One day, our captain took five or six of us aside, and spoke to us about it, long and furiously. He was a fine fellow that captain. He had been a sub-lieutenant in the Zouaves, was tall and thin, and as hard as steel, and during the whole campaign he had cut out their work for the Germans. He fretted in inactivity and could not accustom himself to the idea of being a prisoner and of doing nothing.
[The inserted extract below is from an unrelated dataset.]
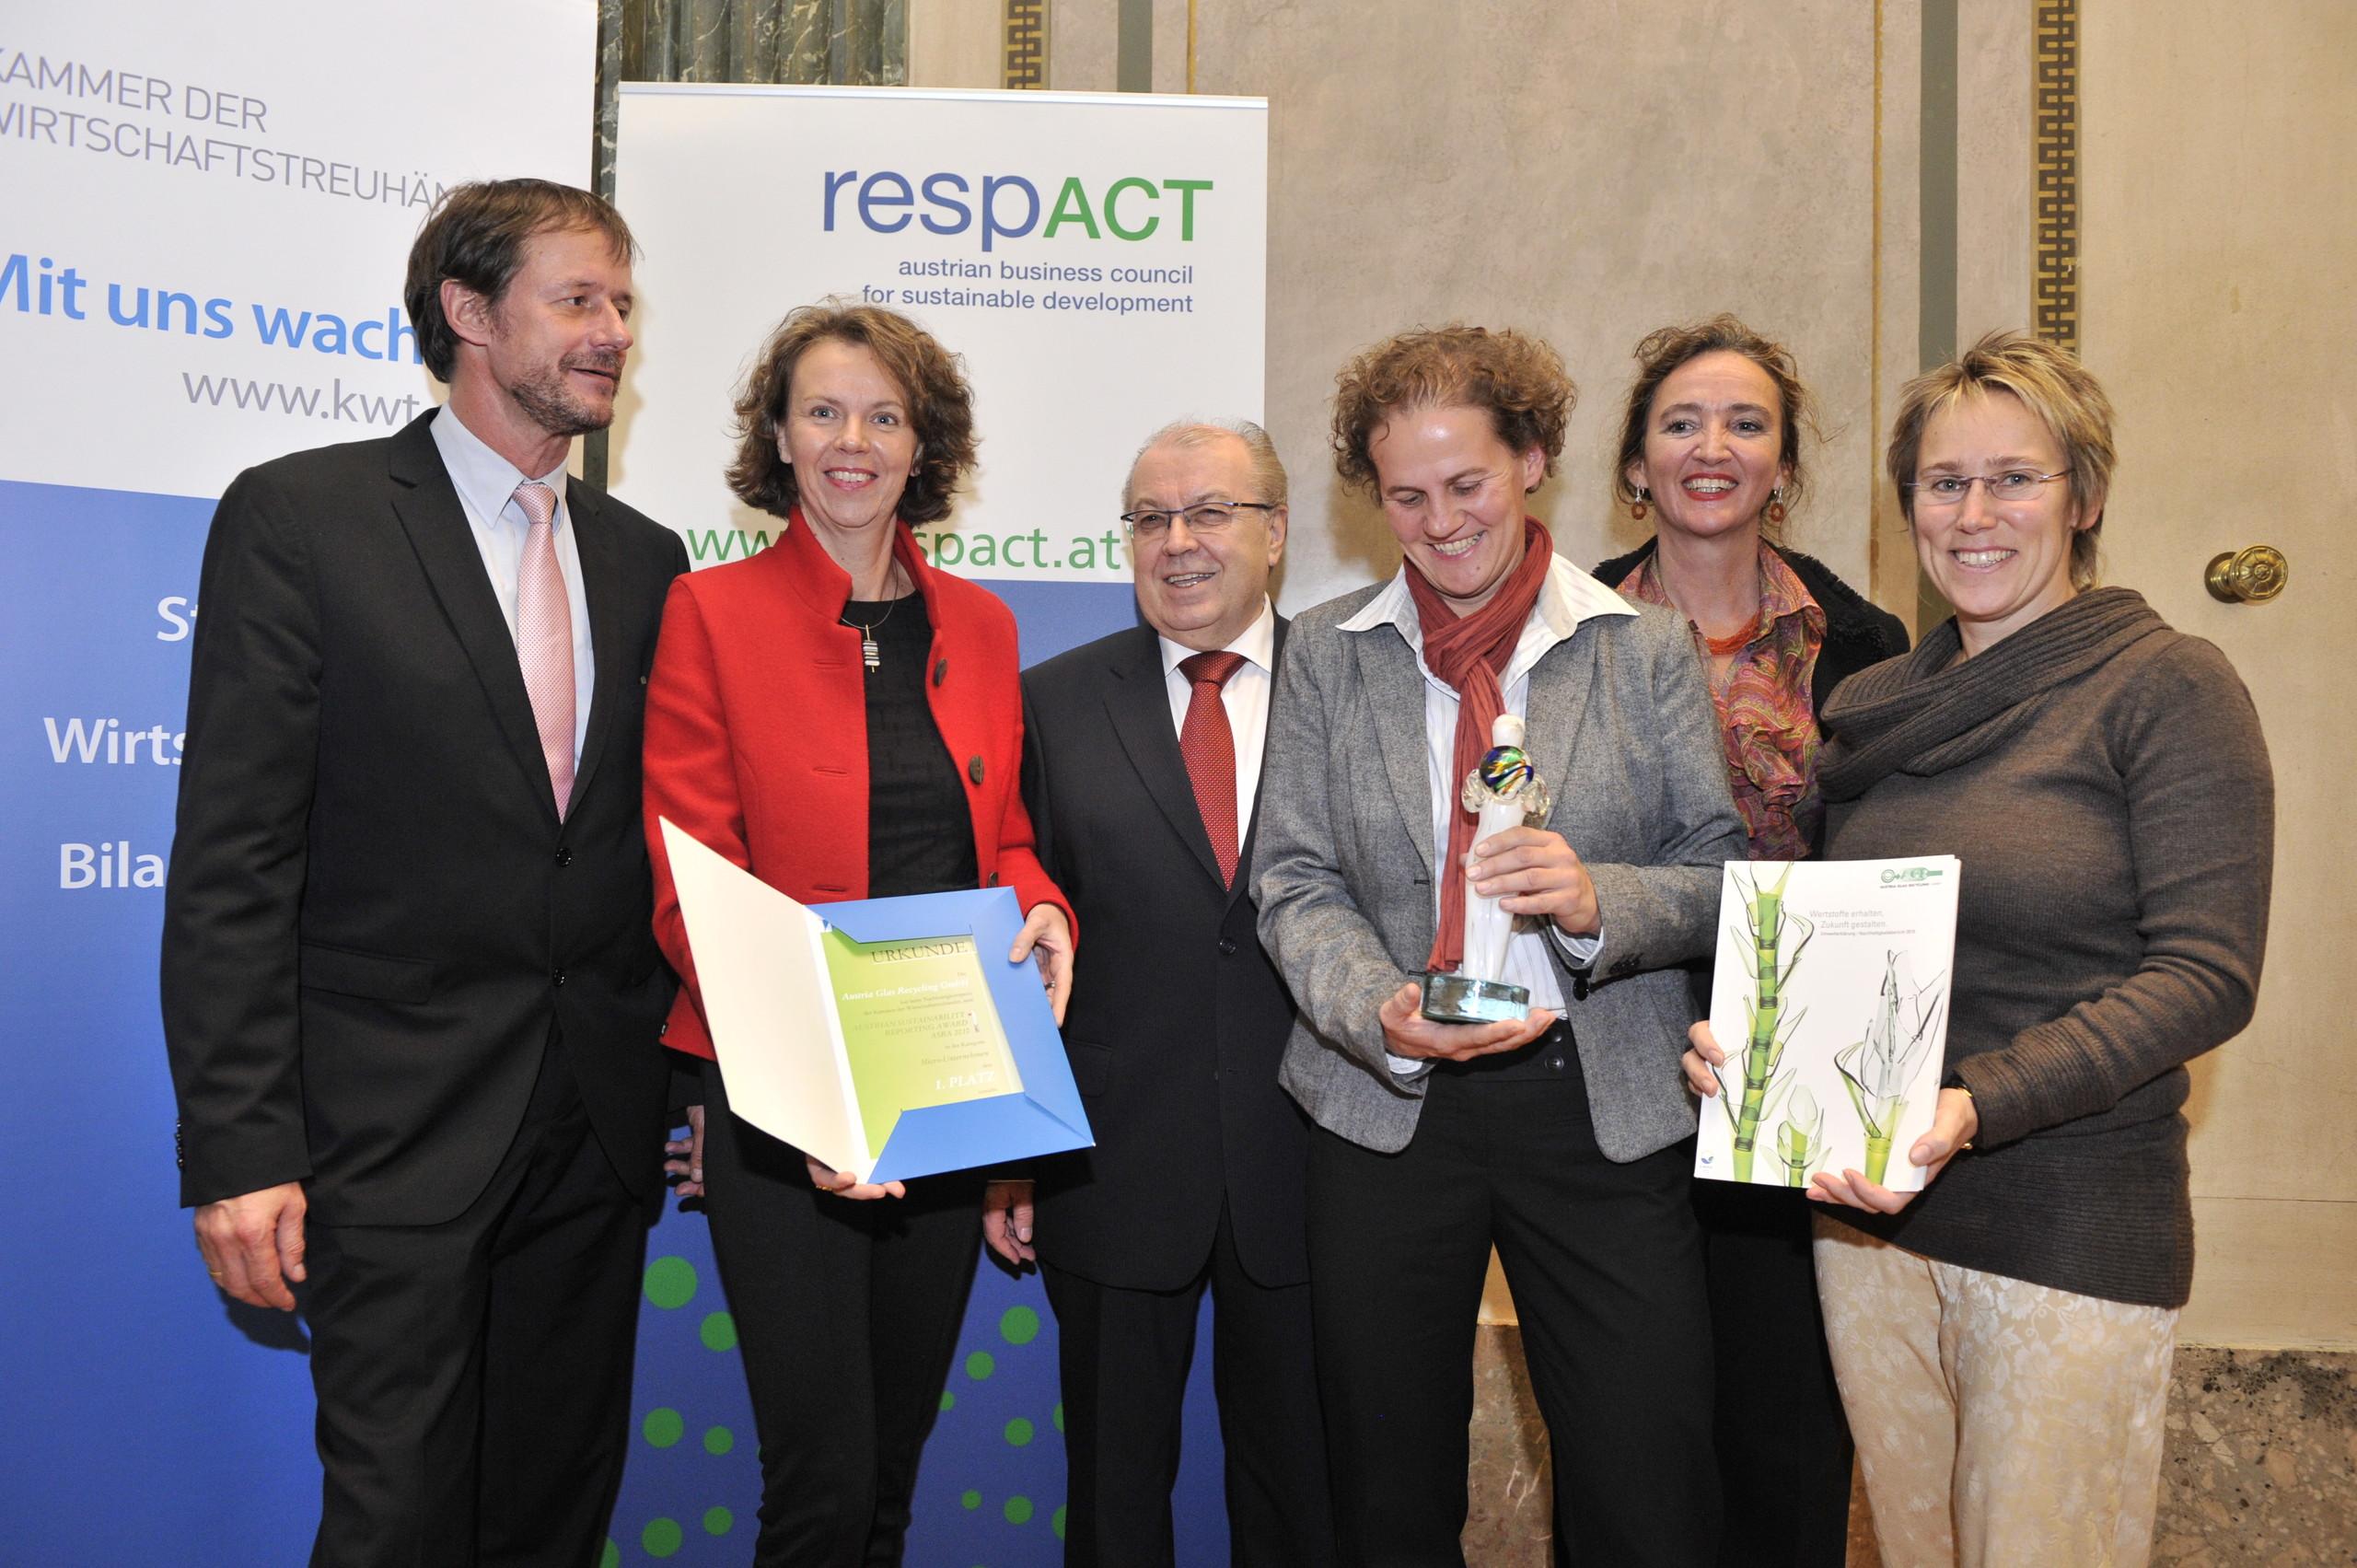 ASRA 2009 für Austria Glas Recycling, (v.l.n.r.: Dr. Christine Jasch/Jury-Vorsitzende ASRA-Preis, KR Mag. Helmut Puffer/Vizepräsident der Kammer der Wirtschaftstreuhänder, DI Ursula Gangel/AGR, Sabine Czopka-Pistora/AGR, Monika Piber-Maslo/AGR, Dr. Hay

“Confound it!” he said to us, “does it not pain you to know that there is a number of Uhlans within two hours of us? Does it not almost drive you mad to know that those beggarly wretches are walking about as masters in our mountains, where six determined men might kill a whole spitful any day? I cannot endure it any longer, and I must go there.”
“But how can you manage it, Captain?”
“How? It is not very difficult! Just as if we had not done a thing or two within the last six months, and got out of woods that were guarded by very different men from the Swiss. The day that you wish to cross over into France, I will undertake to get you there.”
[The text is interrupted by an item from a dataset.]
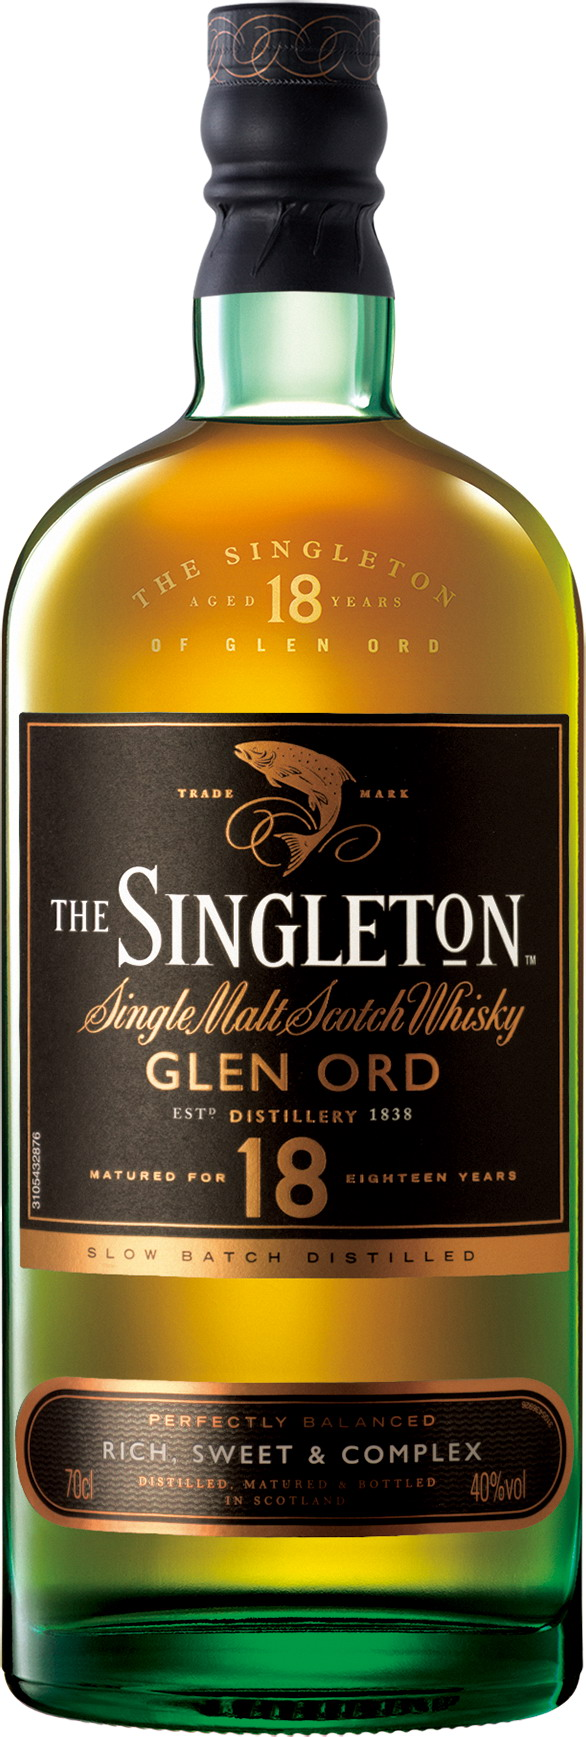 父親的一百種樣貌 5種威士忌讓你拉近與父親的距離

“That may be; but what shall we do in France without any arms?”
“Without arms? We will get them over yonder, by Jove!”
“You are forgetting the treaty,” another soldier said; “we shall run the risk of doing the Swiss an injury, if Manteuffel learns that they have allowed prisoners to return to France.”
“Come,” said the captain, “those are all bad reasons. I mean to go and kill some Prussians; that is all I care about. If you do not wish to do as I do, well and good; only say so at once. I can quite well go by myself; I do not require anybody’s company.”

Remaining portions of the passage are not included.